Apple Has a New CEO
He’s been building your iPhone, Mac, and AirPods for 25 years

Apple just announced that Tim Cook is stepping down as CEO.
Effective September 1, 2026, Cook becomes Executive Chairman. John Ternus, currently Senior Vice President of Hardware Engineering, becomes CEO.
This is not a surprise. Been rumored for a while. But it’s quite a shift.
Who Is John Ternus
Ternus joined Apple in 2001. The Steve Jobs-era Apple. He was 22, fresh out of University of Pennsylvania with a mechanical engineering degree, and he went straight onto the product design team.
He stayed. For 25 years.
VP of Hardware Engineering in 2013. SVP in 2021. And somewhere in those two decades, his hands were on basically everything Apple ships. iPhone. Mac. iPad. AirPods. Apple Watch. If it’s a physical Apple product, Ternus probably had something to do with it.
Tim Cook said he has “the mind of an engineer, the soul of an innovator, and the heart to lead with integrity.”
That’s a lot of nouns. Hopefully accurate.
Tim Cook’s Legacy
Cook became CEO in 2011. Apple’s market cap was around $350 billion.
Today it’s $4 trillion.
He helped built Apple Watch from scratch. Launched AirPods. Turned Services into a $100 billion business. Shipped Vision Pro. Grew Apple to 2.5 billion active devices across 200+ countries.
He didn’t invent products. He built a machine that could invent products reliably. That’s a different skill. And not an easy one.

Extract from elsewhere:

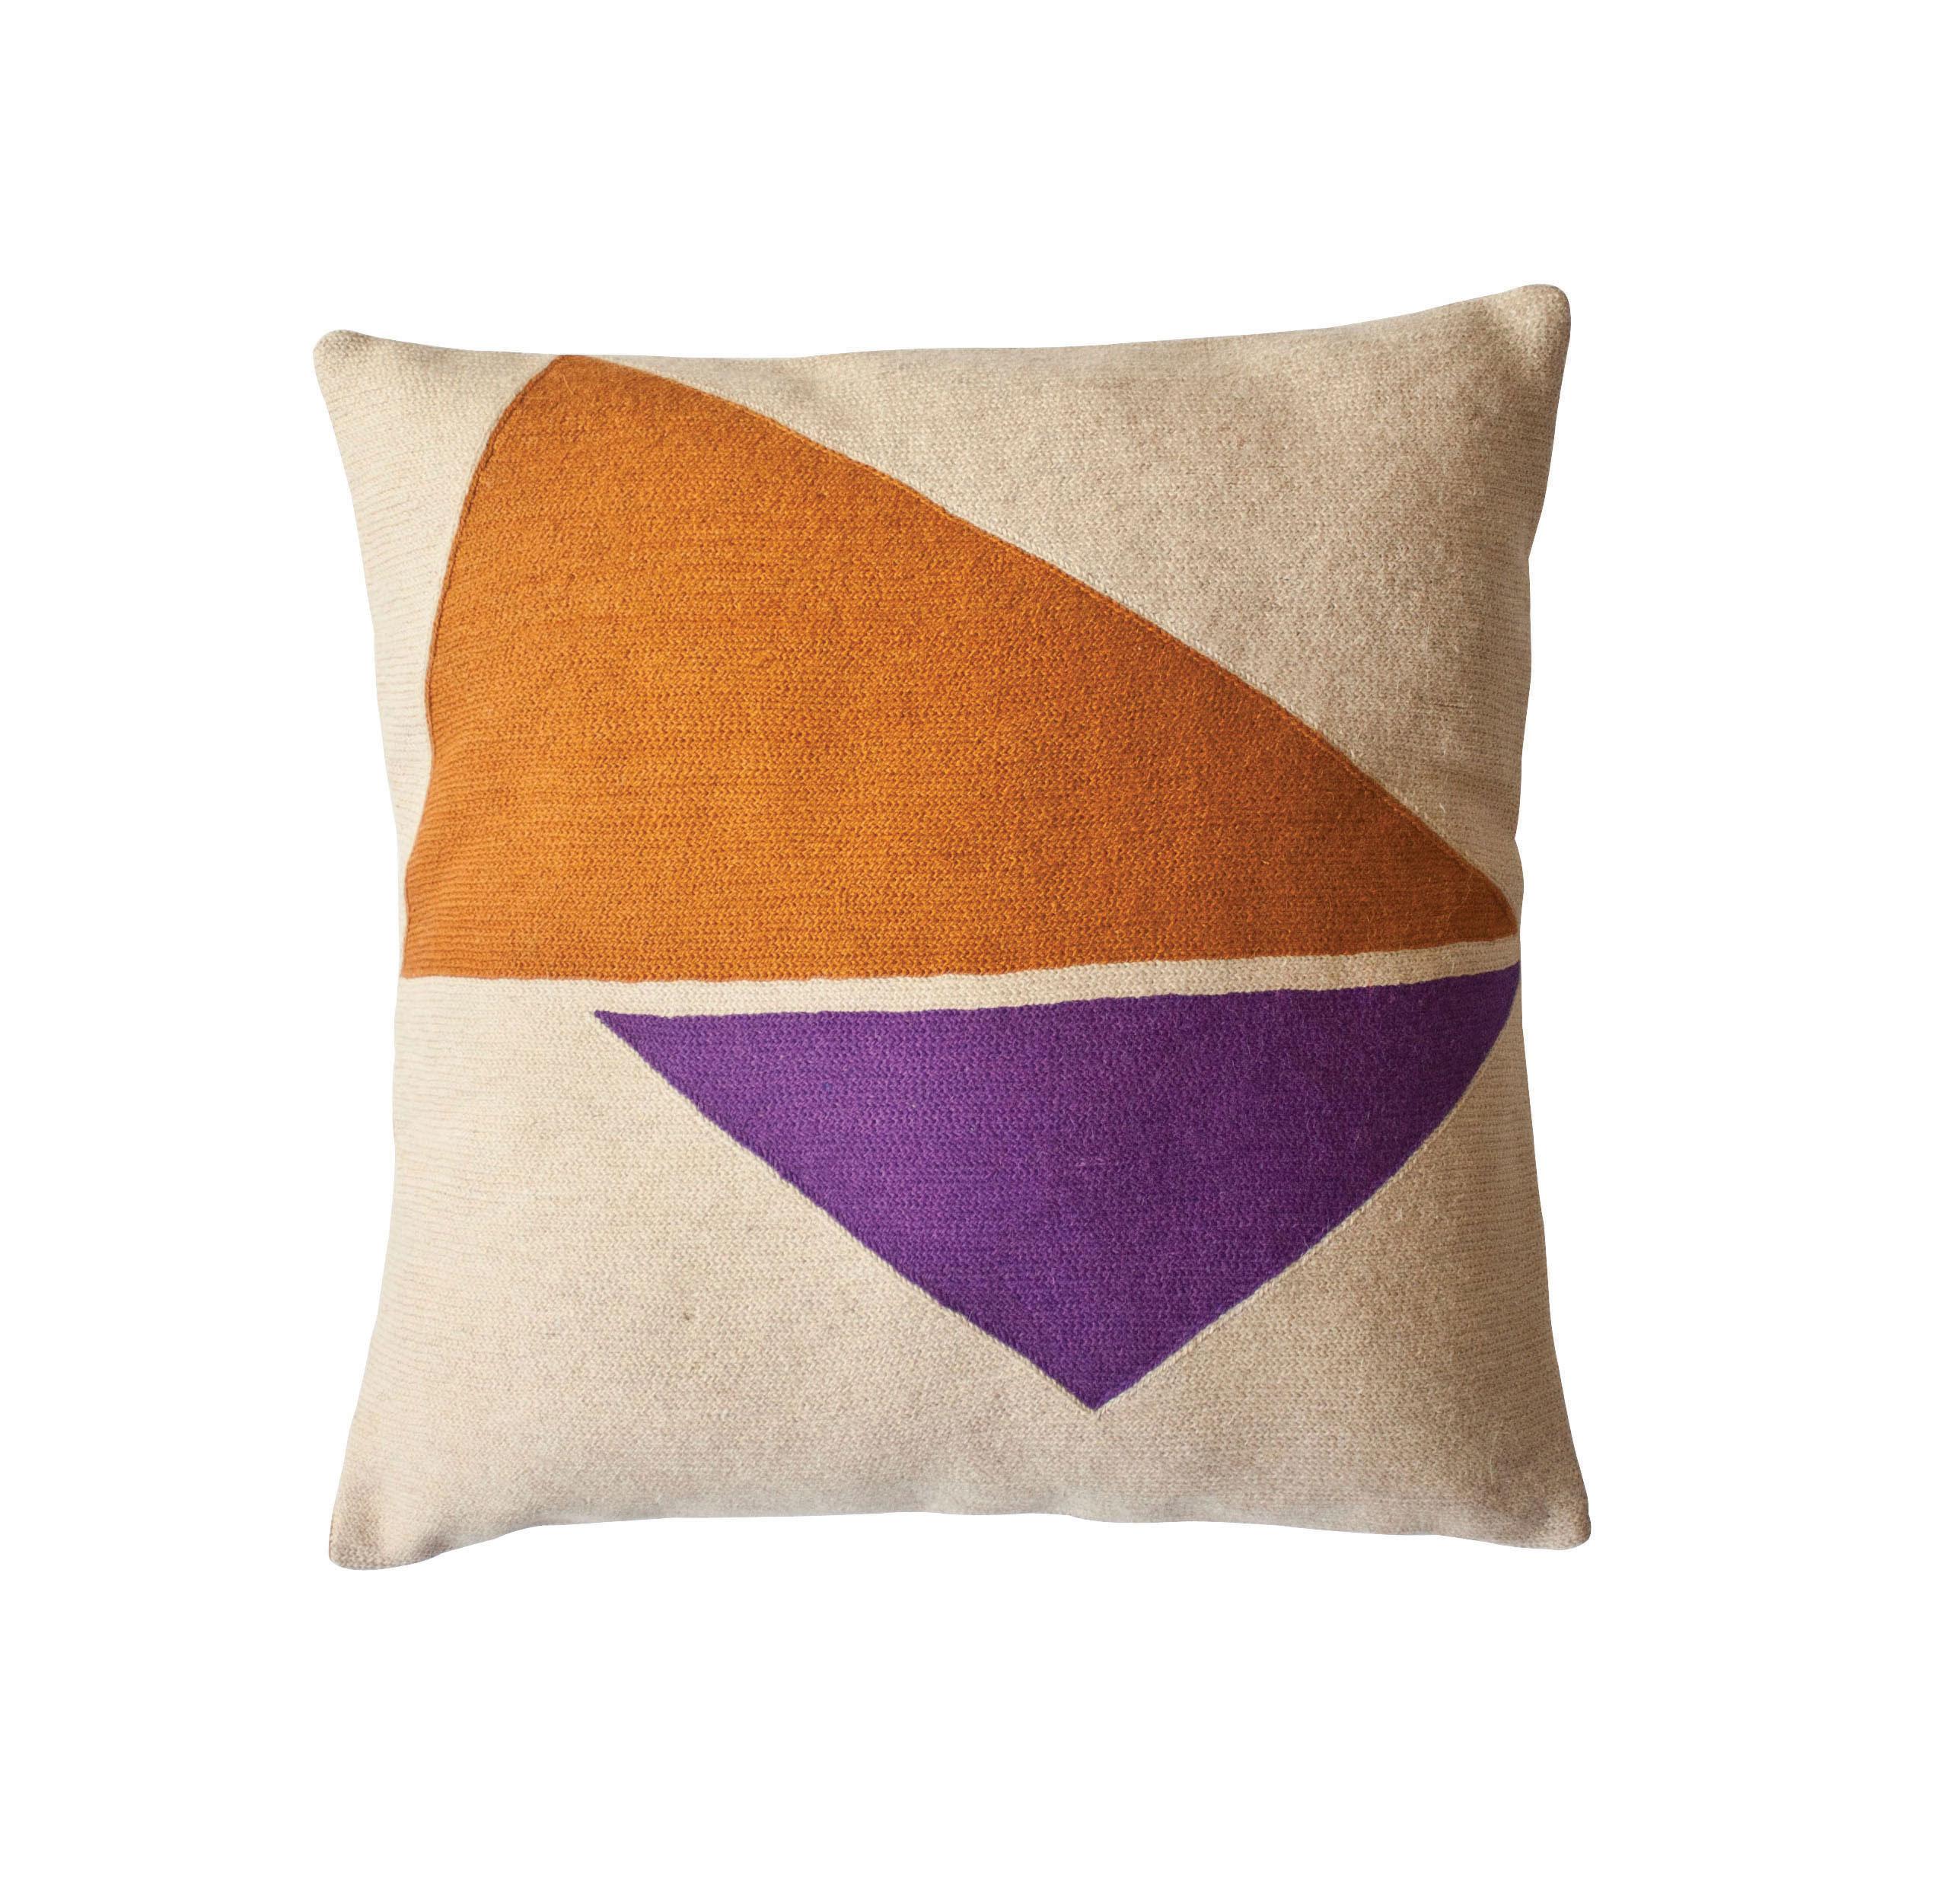 Modern Lucent Reflection Hand Embroidered Geometric Throw Pillow Cover

Also, he’s not gone. Executive Chairman. But the day-to-day is Ternus now.
A Hardware Guy in an AI Era
Apple’s biggest challenge right now isn’t hardware. They’ve got that figured out pretty well.
The pressing issue is AI. Siri is still… embarrassing in 2026. Apple Intelligence has been underwhelming. Every competitor is shipping AI features weekly, and Apple is shipping cautiously, if at all.

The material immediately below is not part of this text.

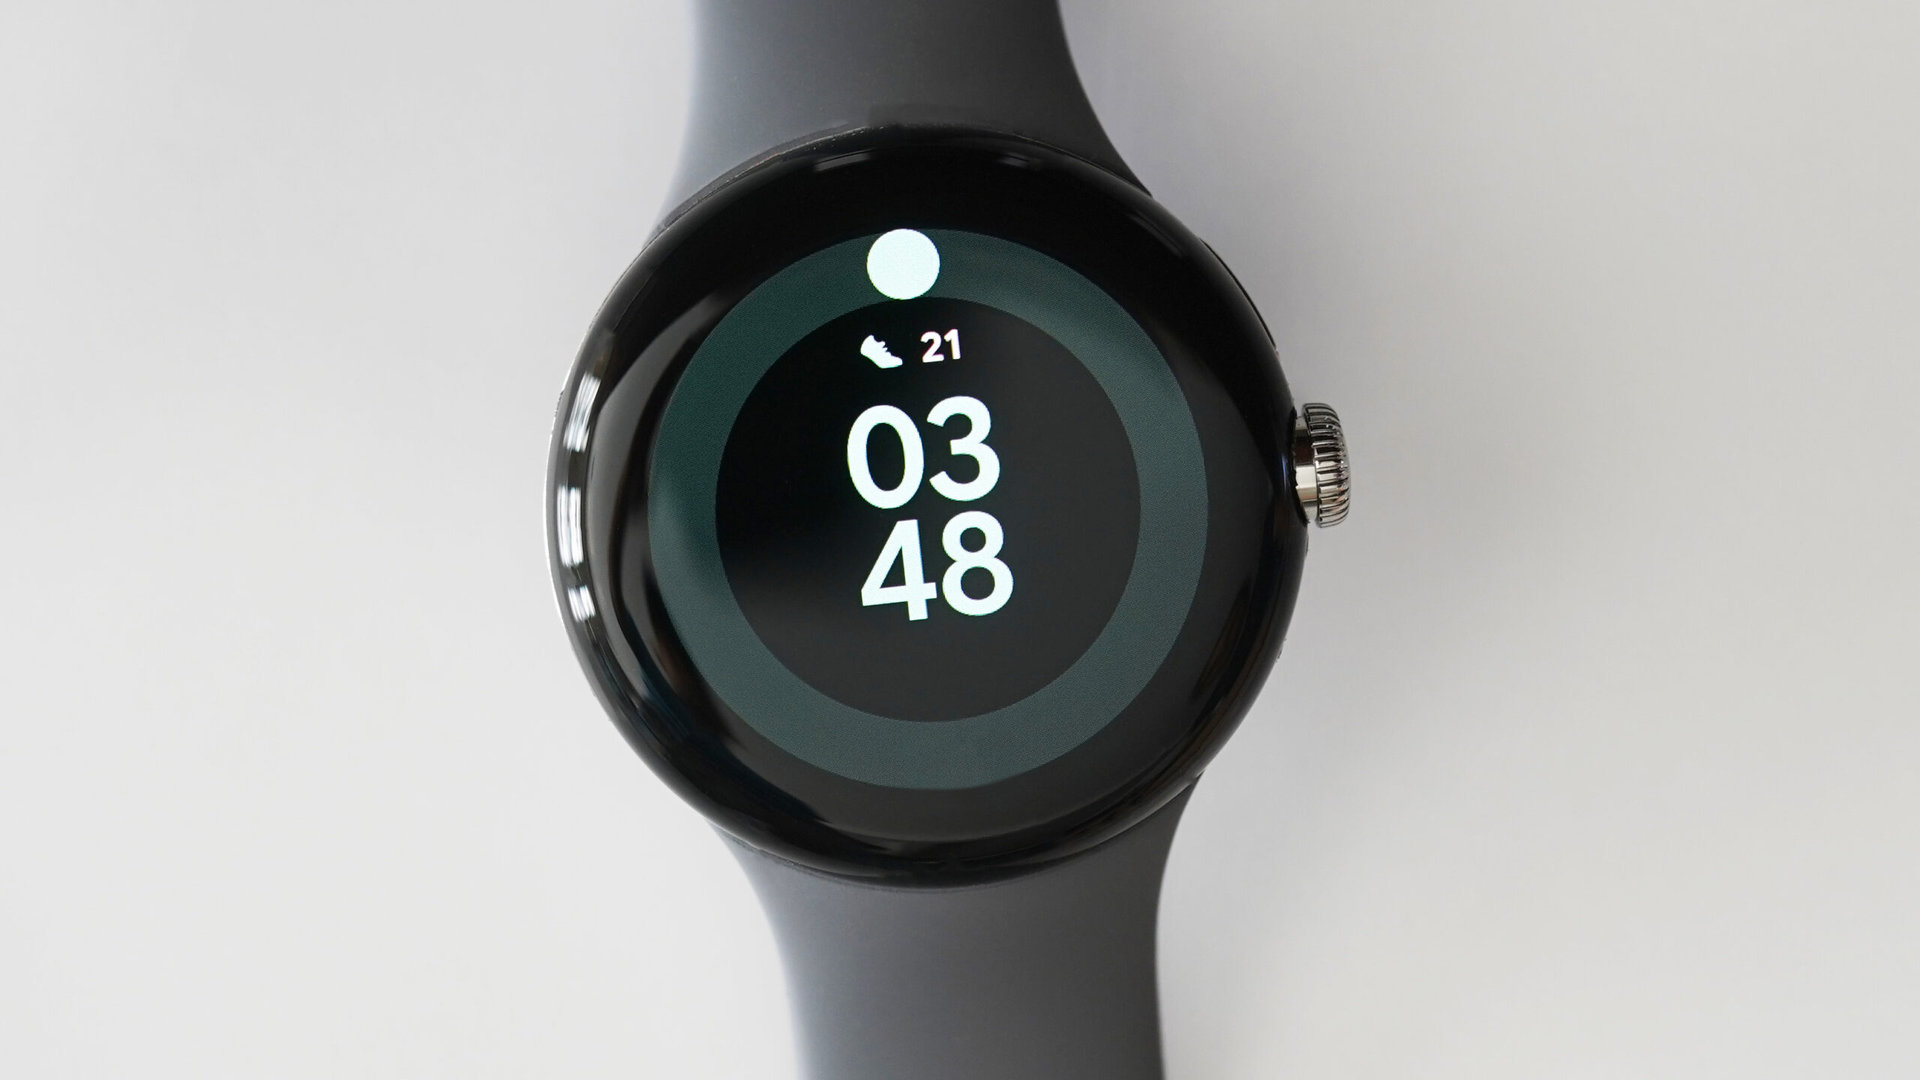 The Track watch face displays a users daily step count.

That’s not all bad. AI is basically too much everywhere now.
Still, it’s interesting (and cool) they picked the hardware guy to be CEO and not someone focues on services, AI, marketing, finances (like Cook) or such.
I’ve written about the weird spot Apple is in with AI and third-party tools, and the situation hasn’t gotten clearer. The company is simultaneously building its own models and trying to license Google’s.

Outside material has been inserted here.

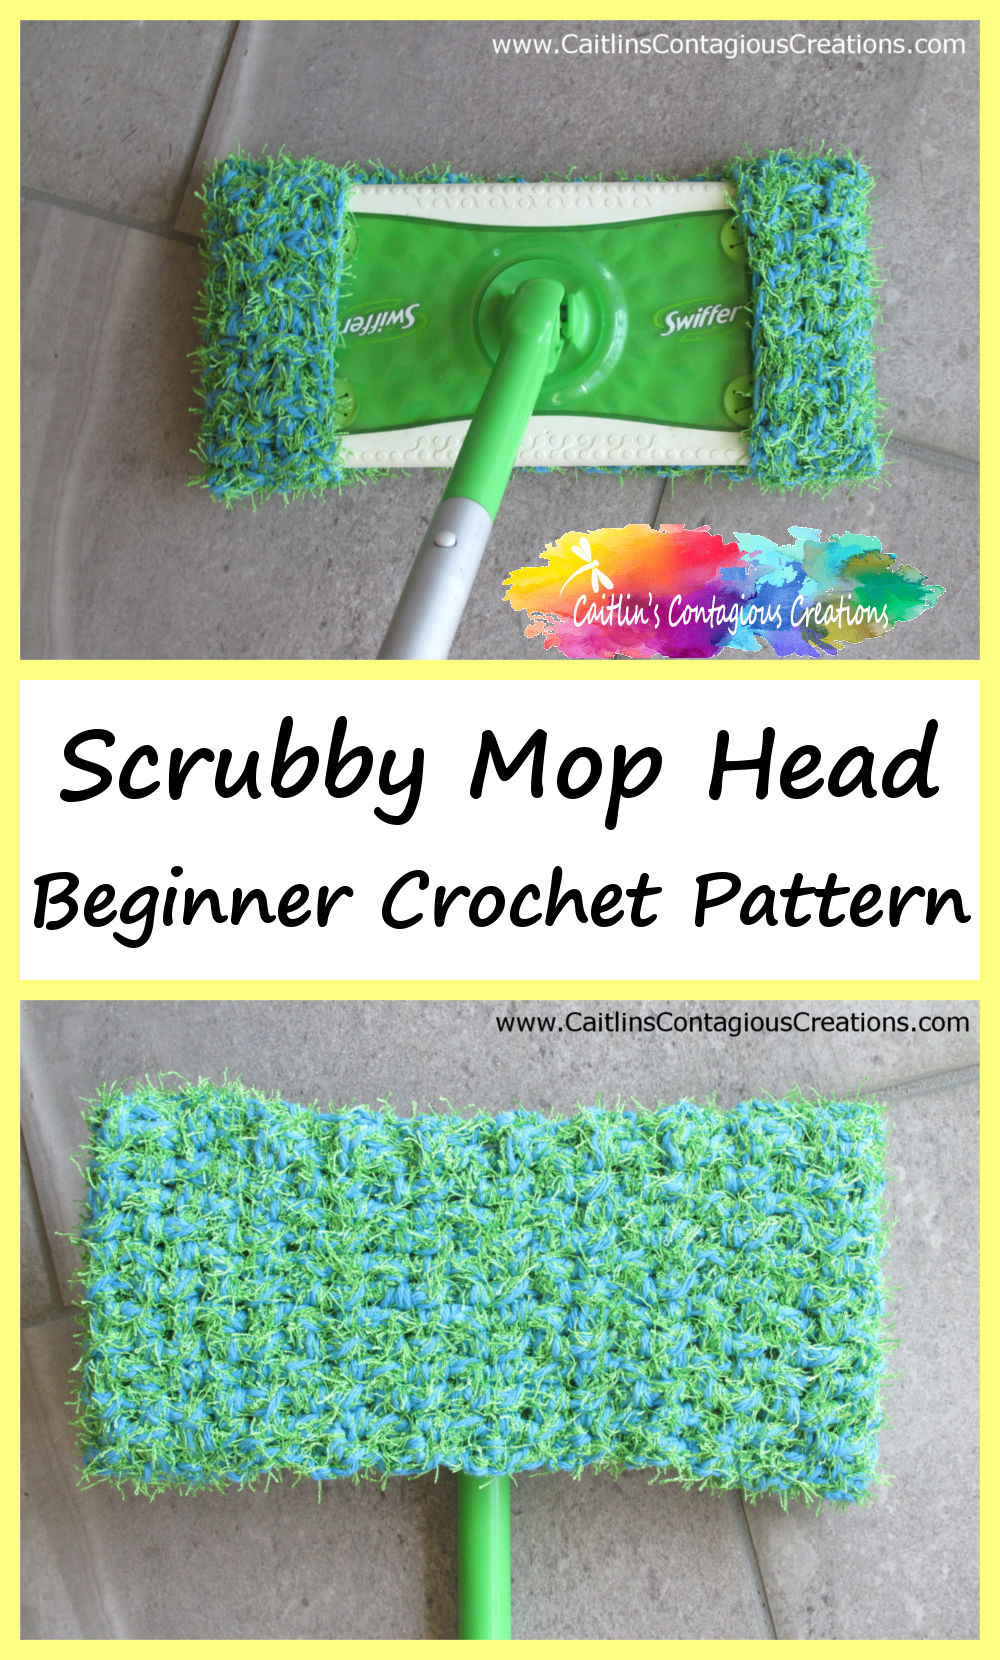 Scrubby Mop Head Crochet Pattern Free on Caitlin's Contagius Creations

Ternus is not a software person. He’s not an AI person. On paper. He does all those things too, I’d imagine. But his main focus is/was hardware.
Maybe that’s exactly what Apple needs.
The Downsides
Ternus has zero public CEO experience. He’s been in interviews and keynotes. That’s it, as far as I know.
Cook spent years as COO before taking the top job. Ternus goes from SVP of one division to leading the whole thing.
He’s also not a known quantity to Wall Street. Cook was trusted. Analysts knew what to expect. Ternus is… an engineer who doesn’t give many interviews.
Quite the change. I like it, though.
And then there’s the AI thing again. If Apple’s biggest gap is software and intelligence, the new CEO’s entire career has been about making beautiful aluminum rectangles. Those two things don’t obviously connect.
But that might not be a downside after all. We don’t need >Apple to go the same Ai route as all the other big tech companies. Apple should do “Apple“. Something different.
The Bottom Line
Ternus is the first Apple CEO in history who actually built Apple’s products. Not sold them, not streamlined them, not managed them. Built them.
That’s either exactly the right energy for whatever comes next… or not. We’ll see.
But Apple has a pretty good track record on that bet.